On 5 March 1942, she left Port Sudan but encountering a strong north-westerly gale and one of her tows, the St Sampson, suffered damage and took on water and foundered and was rescued by a hospital ship, the Dorsetshire. The Pauline Moller (a tug) and the Haresfield (a British steamship) helped the Recorder to assist the Georgic to Karachi. Captain W.B. Wilford of the Recorder was awarded the OBE. At Karachi, the Georgic underwent repairs until she was seaworthy to sail to Bombay for further repairs.

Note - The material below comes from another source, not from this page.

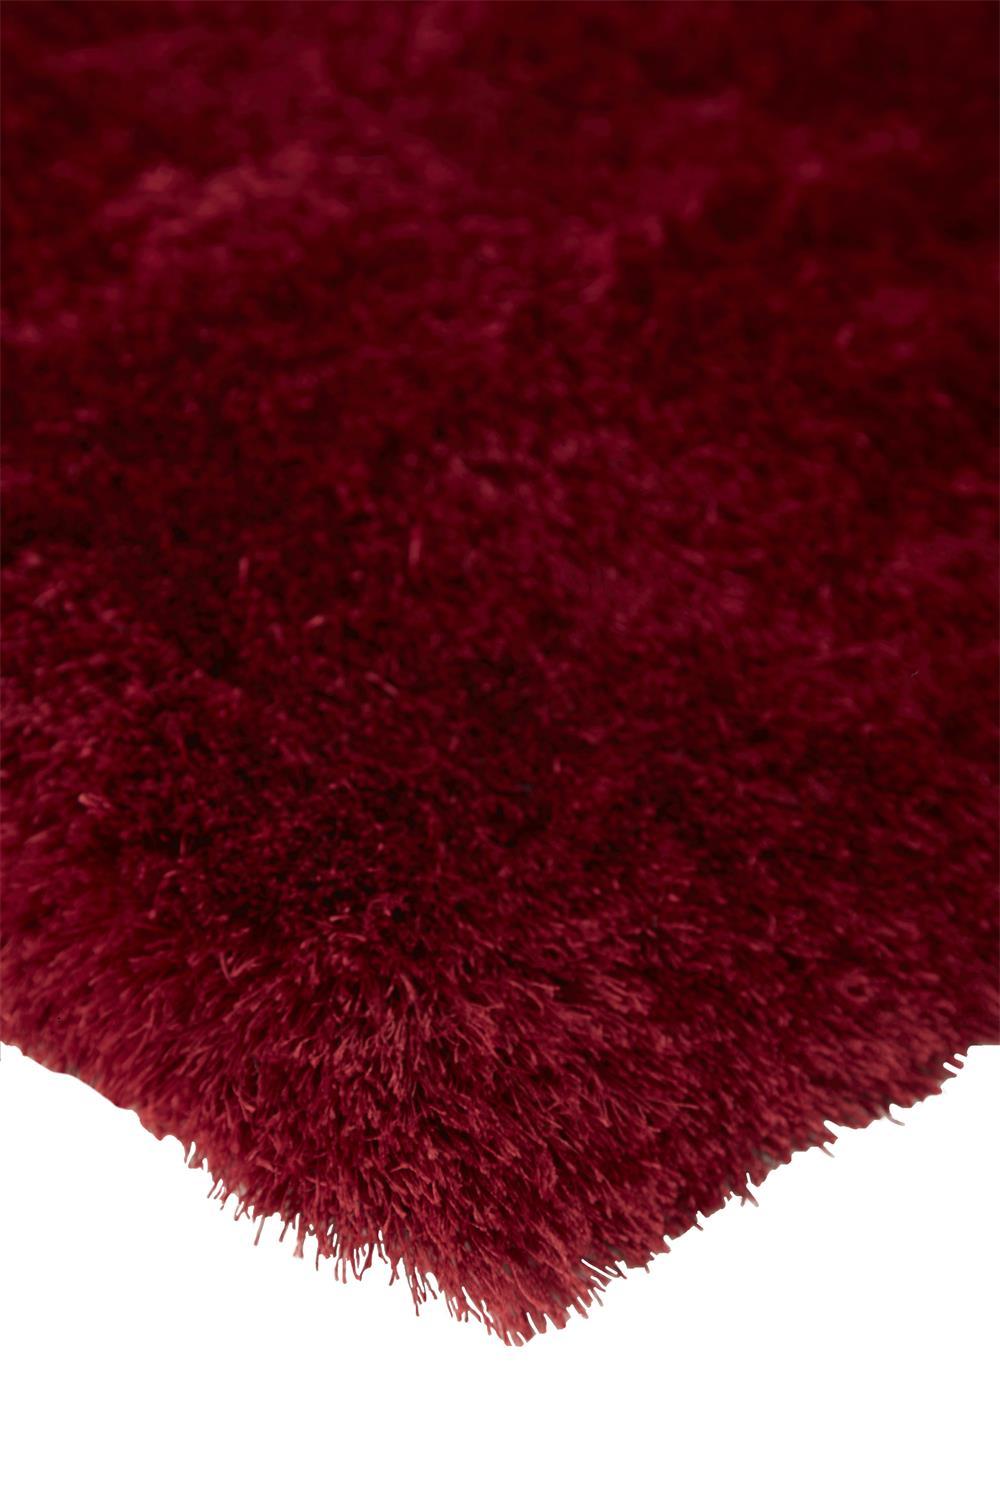 Feizy Feizy Indochine Plush Shag Rug - Available in 7 Sizes - Metallic Sheen Cranberry Red

By January 1943, the Georgic sailed to Harland and Wolff, Belfast for a full refit. By December her exterior had undergone change and her forward funnel had been removed and the foremast had been shortened to a stump. She was now owned by the Ministry of Transport, with Cunard-White Star Line as managers.

She served as a troopship carrying troops between Italy, the Middle East and India until 1948 when she returned to the ownership of the Cunard Line to offer an immigration service between Liverpool, Australia, and New Zealand. She retained her White Star livery and could accommodate 1,962 passengers. Her first crossing was made in January 1949.

Between 1950 and 1954, the Georgic was chartered back to Cunard and made several round voyages to New York. In the winter of 1954/55, the Georgic2 resumed 'assisted passage' voyages to Australia, and on 16 April 1955, she arrived at Liverpool with troops from Japan. Cunard wanted to sell her and she was offered for sale, but the Australian government chartered her for the summer.

The Georgic’s final voyage was from Hong Kong to Liverpool with 800 troops, and she arrived on 19 November 1955. On 11 December the Georgic was laid up at Kames Bay, Isle of Bute, Firth of Clyde, pending scrapping. She was sold for demolition in January 1956 and on 1 February 1957 arrived at Faslane for scrapping by Shipbreaking Industries Ltd.

The Merger of the WSL and the Cunard Line

The British government would only loan money conditionally to the Cunard Line to enable the Queen Mary to be completed, if they merged with the WSL. On 10 May 1934, the two lines combined, becoming the Cunard-White Star Line. Once merged, the British Treasury department loaned over £9.5 million to the company. £3 million was for the completion of the Queen Mary; £5 million to build the Queen Elizabeth and £1.5 million of working capital. The Cunard-White Star Line fleet consisted of 25 vessels. 15 of these were WSL vessels including the Olympic, Majestic and Homeric. The Oceanic Steam Navigation Company was wound up and the ships and the property were sold.

The Olympic was bought for £100,000 by Sir John Jarvis who then sold it on to Thos W. Ward stipulating she was to be broken up at Jarrow. On 6 November the auction started whereby the fixtures and fittings from the ship were auctioned.

On Sunday 17 October 1937, Joseph Bruce Ismay died at his Hill Street home in London. He suffered a stroke rendering him blind and speechless. The last office of the Oceanic Steam Navigation Company was closed and the company wound up on 21 August 1939.

In 1947, the Cunard Steamship Company bought all the remaining Cunard–White Star Line’s share capital (38%). The company was then known as Cunard Line. The “White Star” was dropped from the name. Once the Britannic returned to Liverpool on 4 December 1960 and decommissioned, it was the end of an era: the end of the WSL.